Kesan mahasiswa di mata dosen sering kali terbentuk dari hal-hal kecil yang terjadi di luar ujian dan IPK. Cara berkomunikasi, sikap saat mengikuti kelas, dan tanggung jawab dalam menjalani perkuliahan dapat memengaruhi penilaian secara tidak langsung.
Di banyak kampus, kebiasaan yang tampak sepele justru lebih cepat menurunkan kesan positif daripada kemampuan akademik semata. Dosen tetap dituntut profesional dalam menilai mahasiswa, tetapi perilaku sehari-hari kerap menjadi pembeda yang mudah terlihat.
1. Terlalu sibuk dengan HP saat kelas berlangsung
Gadget memang menjadi bagian dari kegiatan belajar saat ini, tetapi dosen biasanya dapat membedakan mahasiswa yang membuka materi dan yang justru sibuk scrolling media sosial atau membalas chat. Sikap terlalu fokus pada HP saat kelas berlangsung bisa terbaca sebagai tanda kurang menghargai usaha pengajar.
Kontak mata dan respons sederhana sering kali sudah cukup menunjukkan bahwa mahasiswa memperhatikan penjelasan di kelas. Kebiasaan kecil seperti ini dapat membentuk kesan yang lebih baik tanpa harus selalu berbicara aktif.
2. Tidak sopan saat berkomunikasi
Cara menghubungi dosen juga ikut dinilai, termasuk lewat pesan singkat. Chat tanpa salam, bahasa yang terlalu santai, atau pesan yang dikirim pada jam kurang pantas dapat menimbulkan kesan kurang profesional.
Etika komunikasi tetap penting dijaga meski percakapan hanya berlangsung lewat ponsel. Bahasa yang sopan tidak harus kaku, tetapi cukup untuk menunjukkan rasa hormat kepada lawan bicara.
3. Mengabaikan tenggat tugas
Tenggat tugas bukan sekadar batas administratif, melainkan bagian dari alur perkuliahan yang disusun agar penilaian berjalan sesuai rencana. Mahasiswa yang sering menyerahkan tugas melewati batas waktu bisa dianggap kurang bertanggung jawab.
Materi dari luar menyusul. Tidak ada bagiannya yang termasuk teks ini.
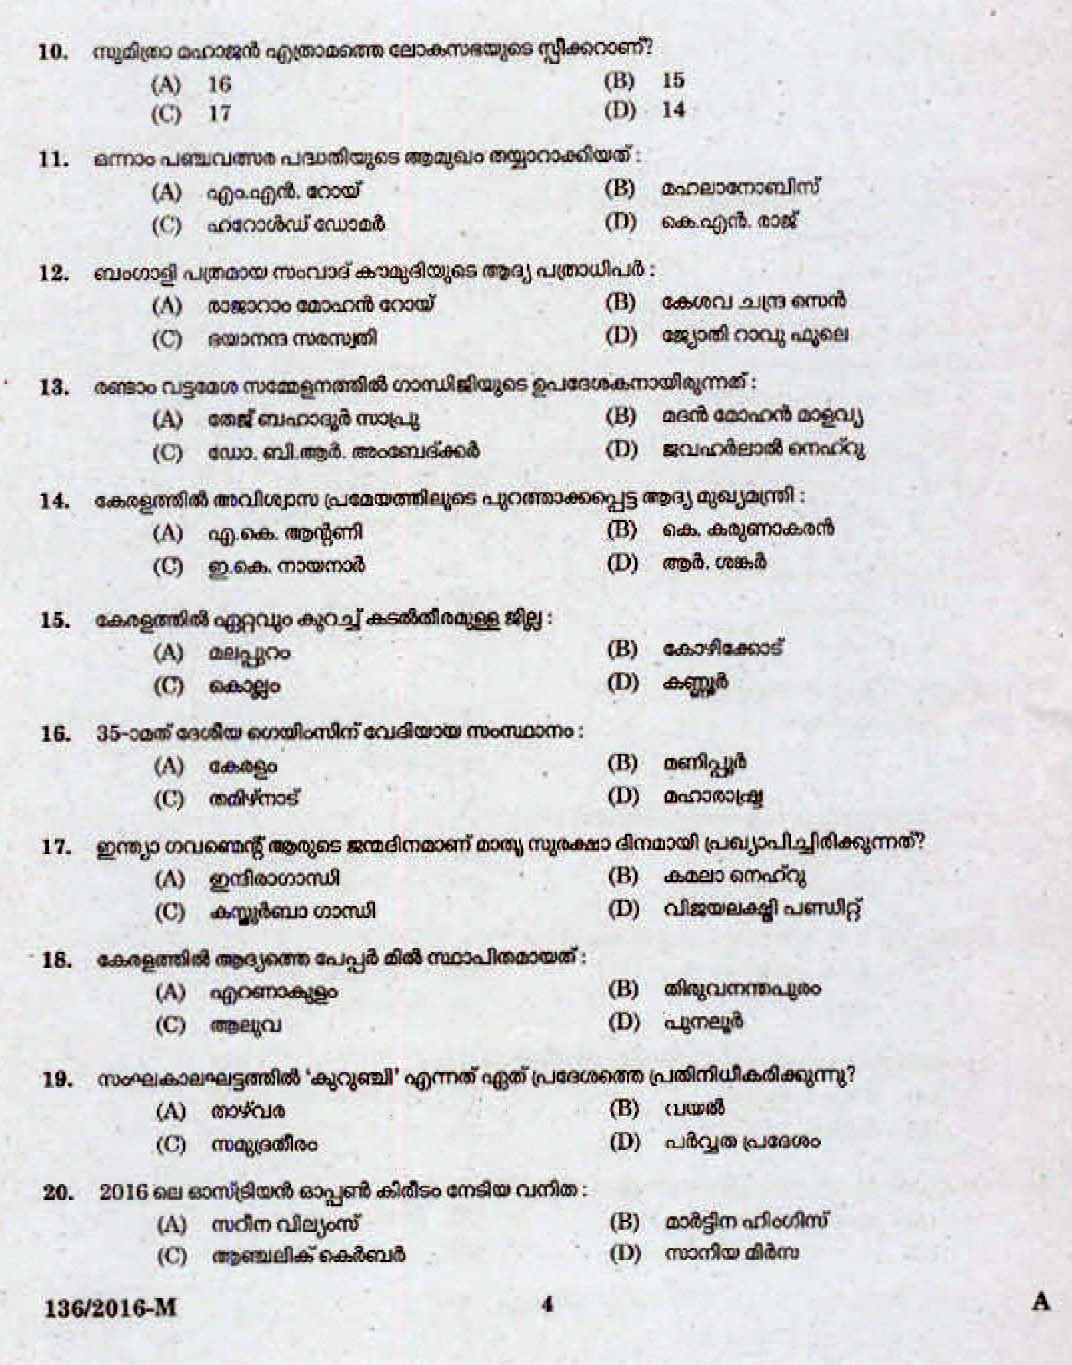 LD Clerk Question Paper Malayalam 2016 Paper Code 1362016 M 2

Jika alasan yang diberikan berubah-ubah, kesan yang muncul biasanya semakin buruk. Dosen dapat mempertanyakan keseriusan mahasiswa dalam mengikuti mata kuliah ketika kedisiplinan seperti ini terus berulang.
4. Pasif sepanjang semester, lalu protes saat nilai keluar
Tidak semua mahasiswa harus aktif berbicara di kelas, karena sebagian memang lebih nyaman menyerap materi dengan mendengarkan. Namun, masalah muncul ketika sepanjang semester hampir tidak pernah bertanya, berdiskusi, atau menunjukkan keterlibatan, lalu protes saat nilai keluar.
Dosen umumnya lebih menghargai mahasiswa yang berusaha aktif selama proses belajar daripada yang baru muncul ketika hasil akhirnya tidak sesuai harapan. Keterlibatan selama perkuliahan sering dipandang sebagai bentuk keseriusan mengikuti mata kuliah.
5. Terlambat datang berulang kali
Keterlambatan sesekali masih bisa dimaklumi, terutama jika ada keadaan mendesak. Tetapi jika terjadi hampir di setiap pertemuan, dosen biasanya menilai mahasiswa kurang menghargai waktu.
Kebiasaan datang terlambat juga dapat mengganggu jalannya kelas. Saat dosen sedang menjelaskan materi, kehadiran yang terlambat dapat memecah konsentrasi dan memberi kesan kurang disiplin.
6. Terus mencari alasan, bukan mengakui kesalahan
Semua orang bisa melakukan kesalahan, termasuk mahasiswa. Yang membedakan adalah cara menyikapinya ketika kesalahan itu terjadi.
Mahasiswa yang berani mengakui kelalaian dan meminta maaf biasanya lebih dihargai daripada yang selalu menyalahkan keadaan atau orang lain. Sikap bertanggung jawab menunjukkan kedewasaan sekaligus kemauan untuk belajar dari kesalahan.
Pada akhirnya, reputasi baik di kampus tidak hanya lahir dari hasil akademik. Kebiasaan sederhana seperti datang tepat waktu, menjaga etika komunikasi, dan jujur saat berbuat salah sering kali memberi pengaruh besar terhadap cara dosen memandang mahasiswa.